(Foto: Aldo Carneiro/Pernambuco Press)
Um torcedor do Sport morreu atingido por uma privada lançada do alto da arquibancada do Arruda, no Recife. No mundo paralelo das organizadas, esse episódio será narrado e renarrado como uma façanha. Mesmo se o responsável, presumivelmente um torcedor do Santa Cruz, for preso, nada garante o fim desse macabro "contar vantagem". Como li no caso do torcedor do Vasco preso pela confusão em Joinville, na última rodada do Brasileiro de 2013, é até capaz que seus colegas digam: "só quem está dentro pode julgar".
("Só quem está dentro pode julgar": essa frase resume a visão de mundo de quem vive "na pista", numa lógica diferente dos “civis”.)
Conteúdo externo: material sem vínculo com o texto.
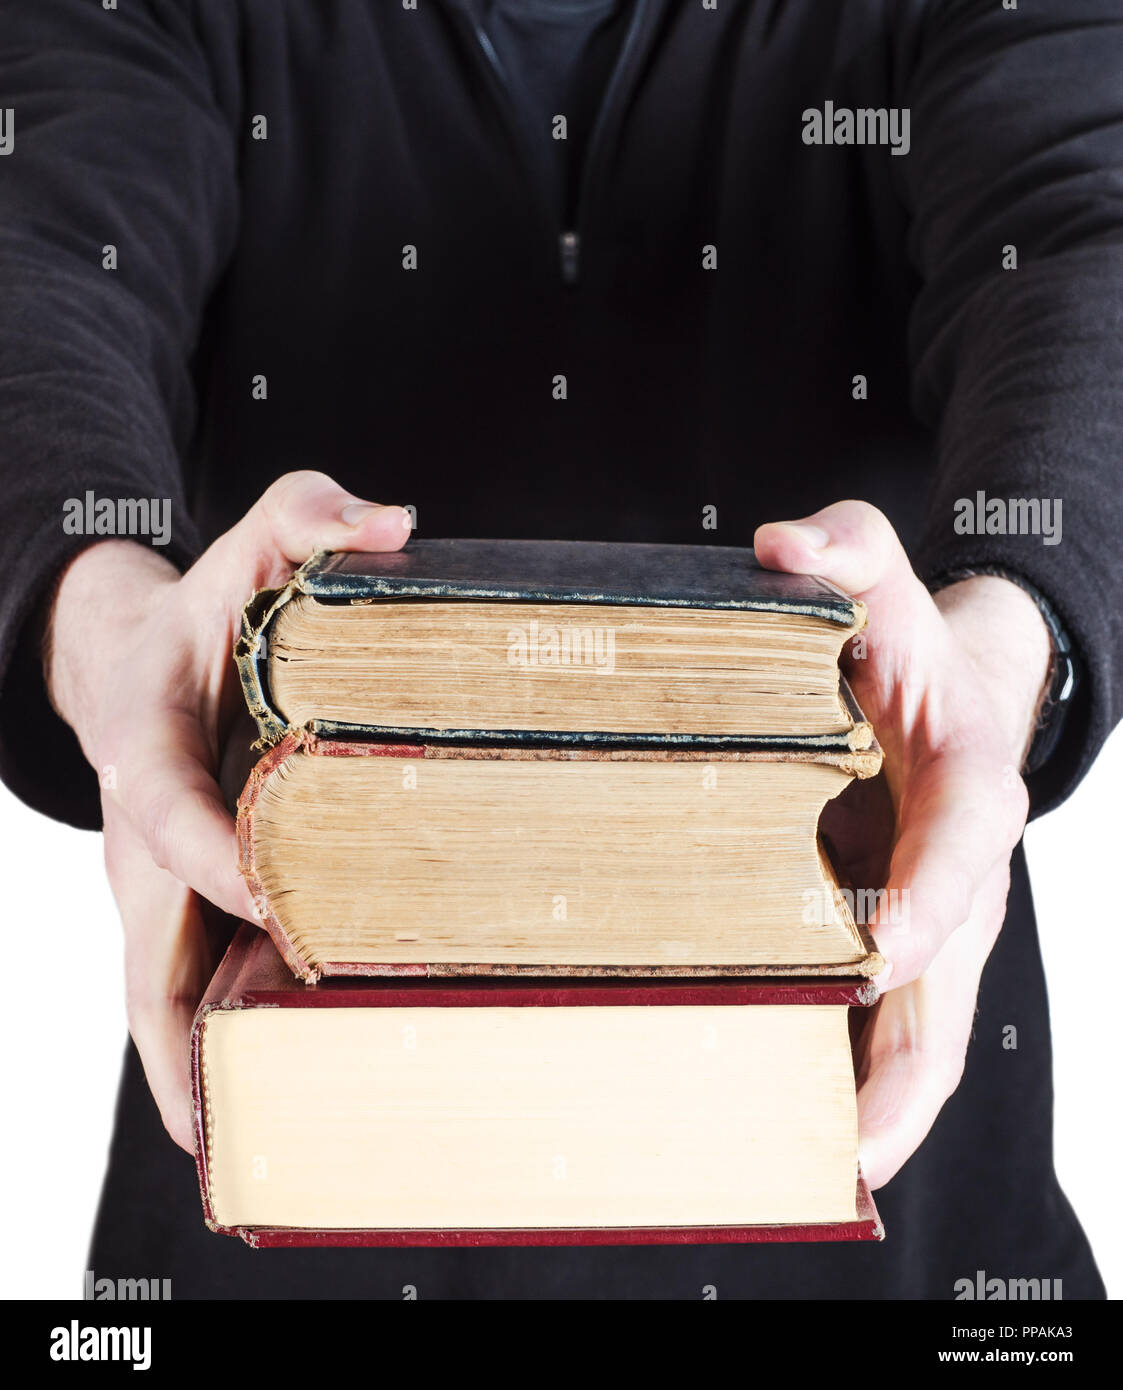 A pile of three old text books, handed forward to viewer by man in dark casual clothing. Stock Photo

Diante de absurdos assim, costumamos procurar a chave da impunidade, e há uma base nisso: como noutras esferas de violência, a violência das organizadas é subinvestigada e subpunida. Mas o que torna a impunidade das organizadas “diferente”? Entre uma multidão de fatores, aponto um: a coabitação entre clubes e organizadas.
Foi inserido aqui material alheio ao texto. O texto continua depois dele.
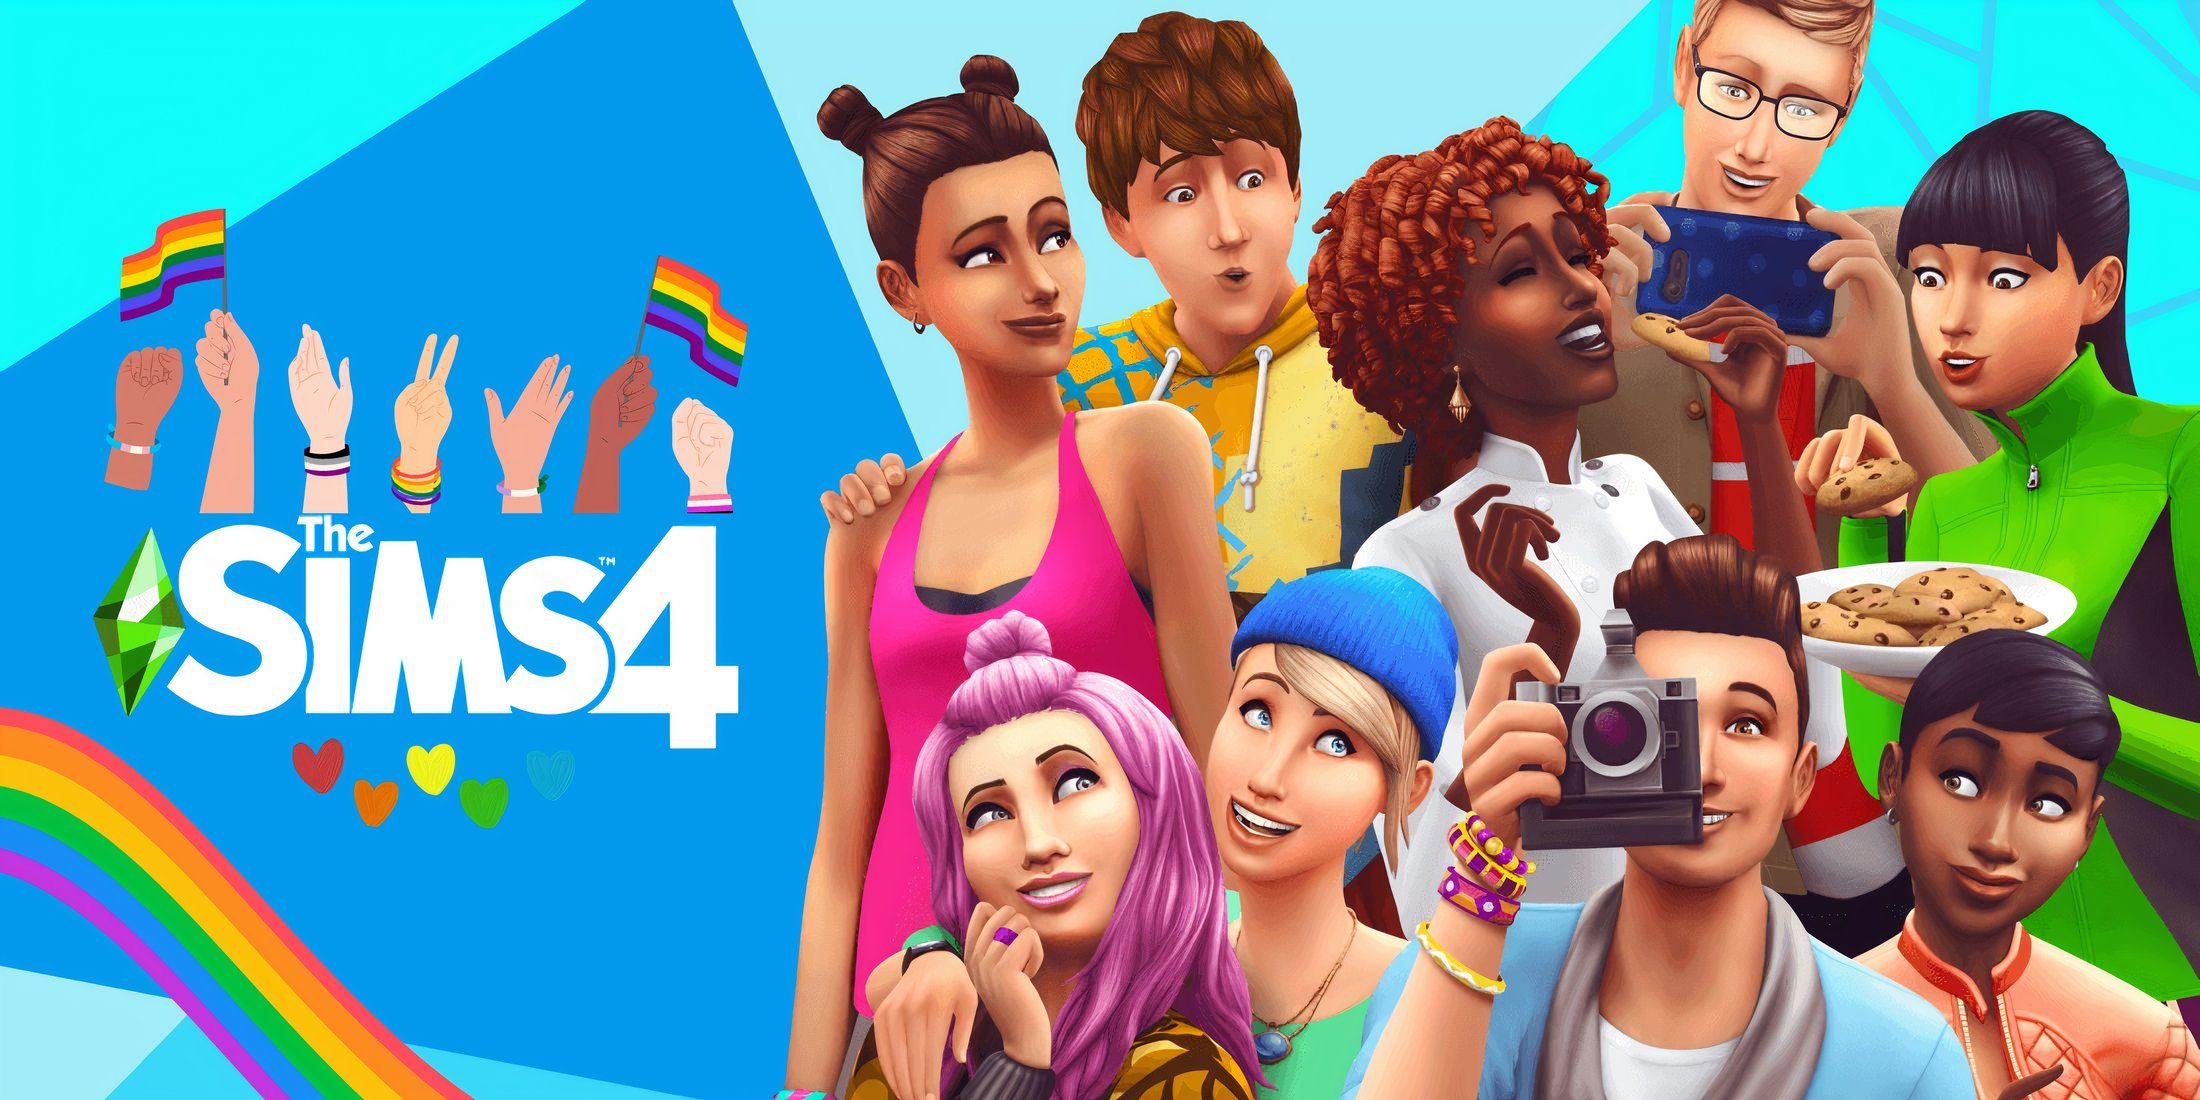 the sims 4 cover art with pride flag.

Essa coabitação persiste e floresce em diferentes graus no futebol brasileiro, do desconto em ingressos à quase simbiose, passando pela ilusão de que as organizadas possam ser manobradas. Quebrar essa coabitação é uma urgência. E não são declarações de ocasião, sempre compungidas, que farão o serviço. O próprio presidente do Santa Cruz, que agora se diz vítima das organizadas, já andou com elas – como tantos outros dirigentes, em tantos outros clubes e estados.
Punir os clubes pelo que fazem as organizadas nos estádios não se esgota no castigo por um ato determinado, não: indica qual é o preço futuro, a ser pago institucionalmente, por qualquer incentivo ou reforço às organizadas violentas. É preciso que esse preço seja alto – pois "injusto", injusto esse preço sempre será, pelo menos aos apaixonados.
(Foto: Carlos Ezequiel Vannoni/Fotoarena/Estadão Conteúdo)
Atacada a coabitação, teremos uma chance de atingir um segmento que considero chave: o de quem orbita as organizadas. Quem engrossa o público nos setores destinados às organizadas nos estádios brasileiros são “simpatizantes”, e não integrantes. São eles que ecoam os coros e reproduzem os gestos das organizadas, sem delas carregarem a “farda”. São eles que ficam quando as famílias somem. Mas, em contraste com os organizados, eles não “vivem” a torcida. Apesar de poderem ter feito parte de uma organizada uma vez na vida, eles habitam mesmo é o seu sonho de clube. Se ficar claro a esses simpatizantes que organizadas violentas comprometem o tal sonho, as organizadas perderão terreno e, em torno delas, surgirá um cordão sanitário. Sem simpatizantes, as organizadas não conseguirão cumprir o que Mao Tsé-Tung recomendava às guerrilhas: “mover-se entre as pessoas como um peixe nada no mar”.
Quanto às organizadas propriamente ditas, guardo pouca ou nenhuma esperança. O núcleo da organizada violenta, por mais que insistam no contrário, é corrompido, exatamente por promover ou pelo menos tolerar a lógica do “só quem está dentro pode julgar”.
É por isso que considero equivocadas, na raiz, as tentativas de “ajustar a conduta” das torcidas em acertos com seus chefes. Não me parece haver incentivo externo capaz de quebrar a rede de proteção e solidariedade entre liderança e “pista” no interior das organizadas. O que for feito (“projetos sociais”, como já sugeriu o governo) só mascarará o problema.
Trabalhemos com o possível, de olho no exemplo de quem comprou a briga contra a chantagem das organizadas, como o Palmeiras. Façamos o mar secar.